Он возвысил голос, чтобы его слышали и стоявшие поодаль пособники.

– Пророки возвестили пришествие Христа в 1666 году. Мы хотим устроить Спасителю достойный прием. Когда город впадет в безумие, власть в Регенсбурге перейдет к нам, свободным. Очень скоро…

Но Симон не дал ему закончить.

– Прекратите нести этот бред, – прошипел он. – Пришествие Христа! Свободный рабочий народ! Да кто ж вам поверит? Вы же сами принадлежите к числу тех чванливых дворян, которых так хотят изжить свободные. Как бы не так! Вы, Сильвио Контарини, преследуете совсем другие цели.

Венецианец внезапно оцепенел, Симон взглянул на него с надменной улыбкой и добавил:

– Я вас давно раскусил. На религию или простых людей вам плевать. Вас интересует одна лишь политика! Ну, или то, чем вы ее привыкли считать.

– Так он, значит, не из свободных? Не полоумный еретик, что решил поквитаться с богачами? – изумленно спросила Магдалена. – Но что же…

– Рейхстаг! – перебил ее лекарь.
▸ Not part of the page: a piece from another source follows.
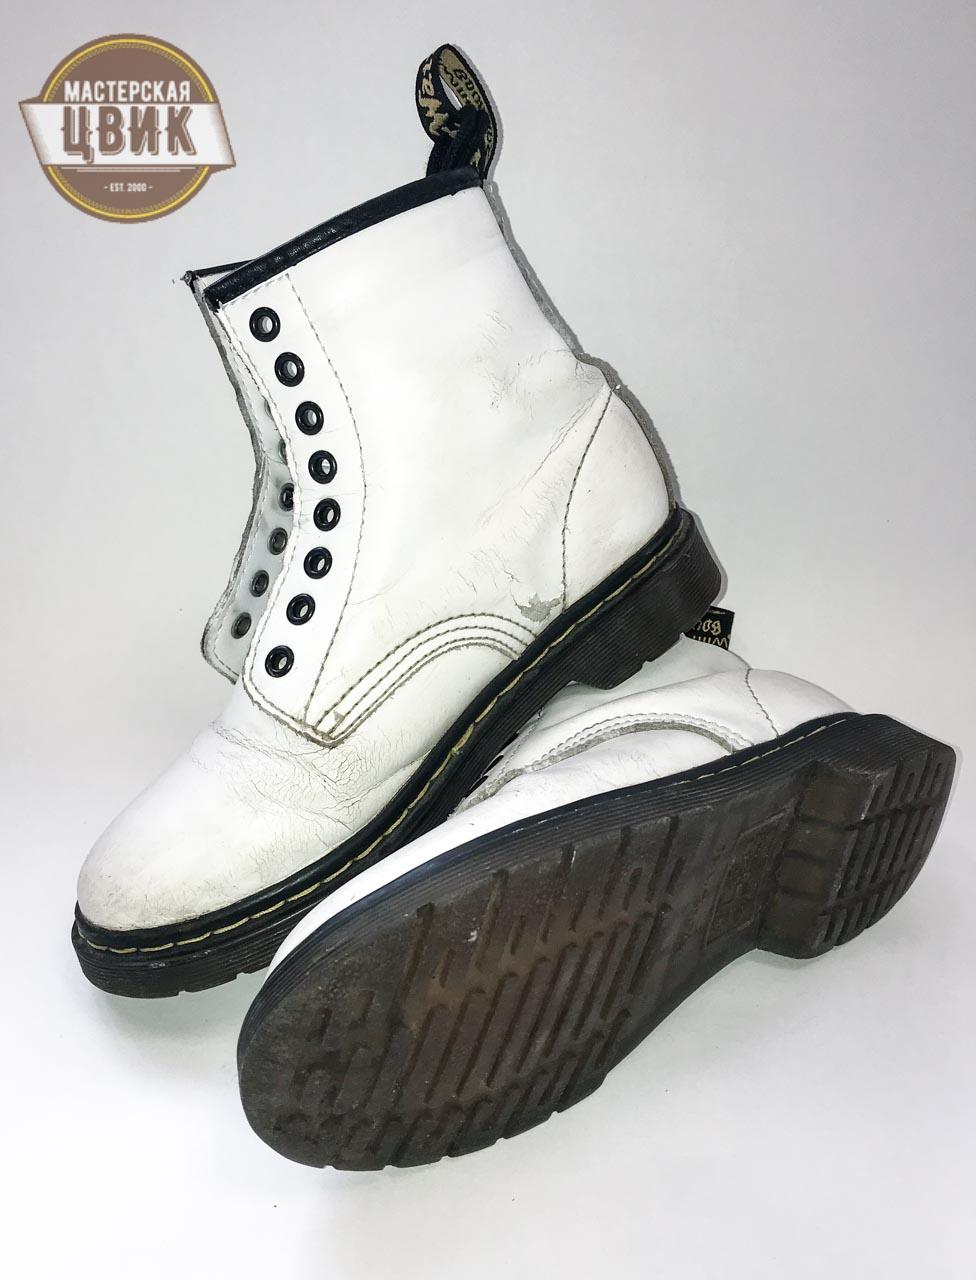 individualnyj-poshiv-obuvi-minsk-28 Индивидуальный пошив обуви Минск-28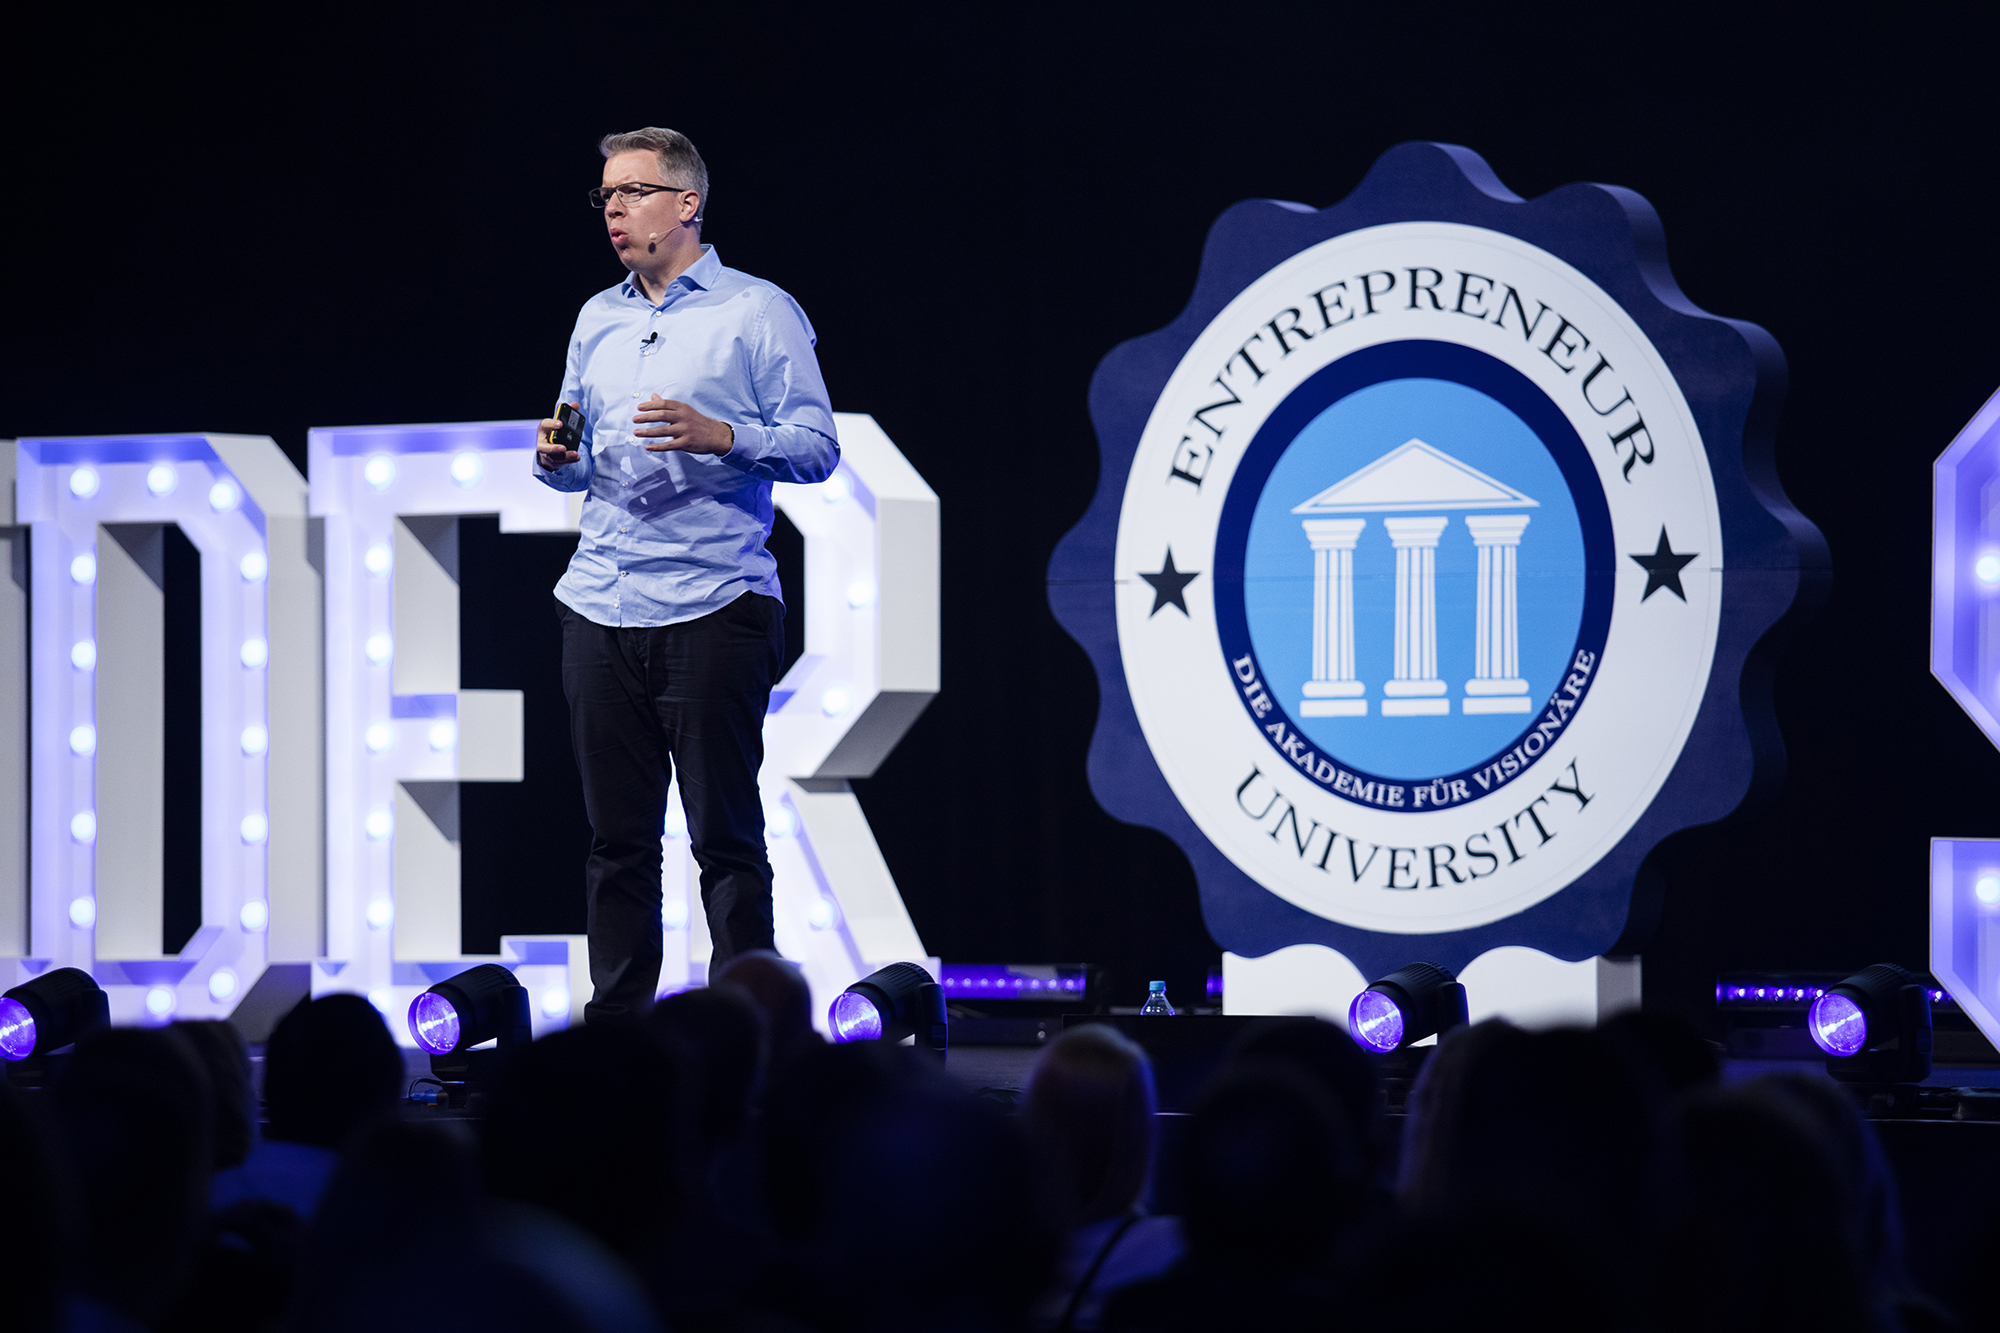 Entrepreneur University Vortrag

Он осознал всю чудовищность замысла Сильвио и невольно содрогнулся. – Он собирается отравить участников Рейхстага!

У Магдалены на мгновение отвисла челюсть.

– От… отравить Рейхстаг?

Венецианец беспокойно покосился на пятерых прислужников: те были заняты настойкой и не проявляли к разговору ни малейшего интереса.

– Что за чушь! – прошептал Сильвио. – И все же я буду вам очень признателен, если мы продолжим беседу несколько тише. Эти люди – простые плотогоны, политика им не особо интересна.

Симон усмотрел вдруг проблеск надежды и спросил нерешительно:

– Если мы никому не расскажем о ваших истинных замыслах, вы нас отпустите?

Сильвио пожал плечами и задумчиво покрутил кольцо на пальце.

– Как знать. Для начала поделитесь вашими умозаключениями. Если рассказ мне понравится, то я вас, возможно, и отпущу. Разыскиваемому поджигателю все равно никто не поверит.

Симон сглотнул и заговорил вполголоса:

– Через несколько месяцев в Регенсбурге собирается Рейхстаг. Съедутся представители со всей Священной Римской империи. Князья, герцоги, епископы, может, даже сам кайзер. Вся власть соберется здесь. И тем, кто вздумал насолить Германии, лучшего места просто не найти. Столько дворян, сколько соберется в Регенсбурге, нигде больше не застать.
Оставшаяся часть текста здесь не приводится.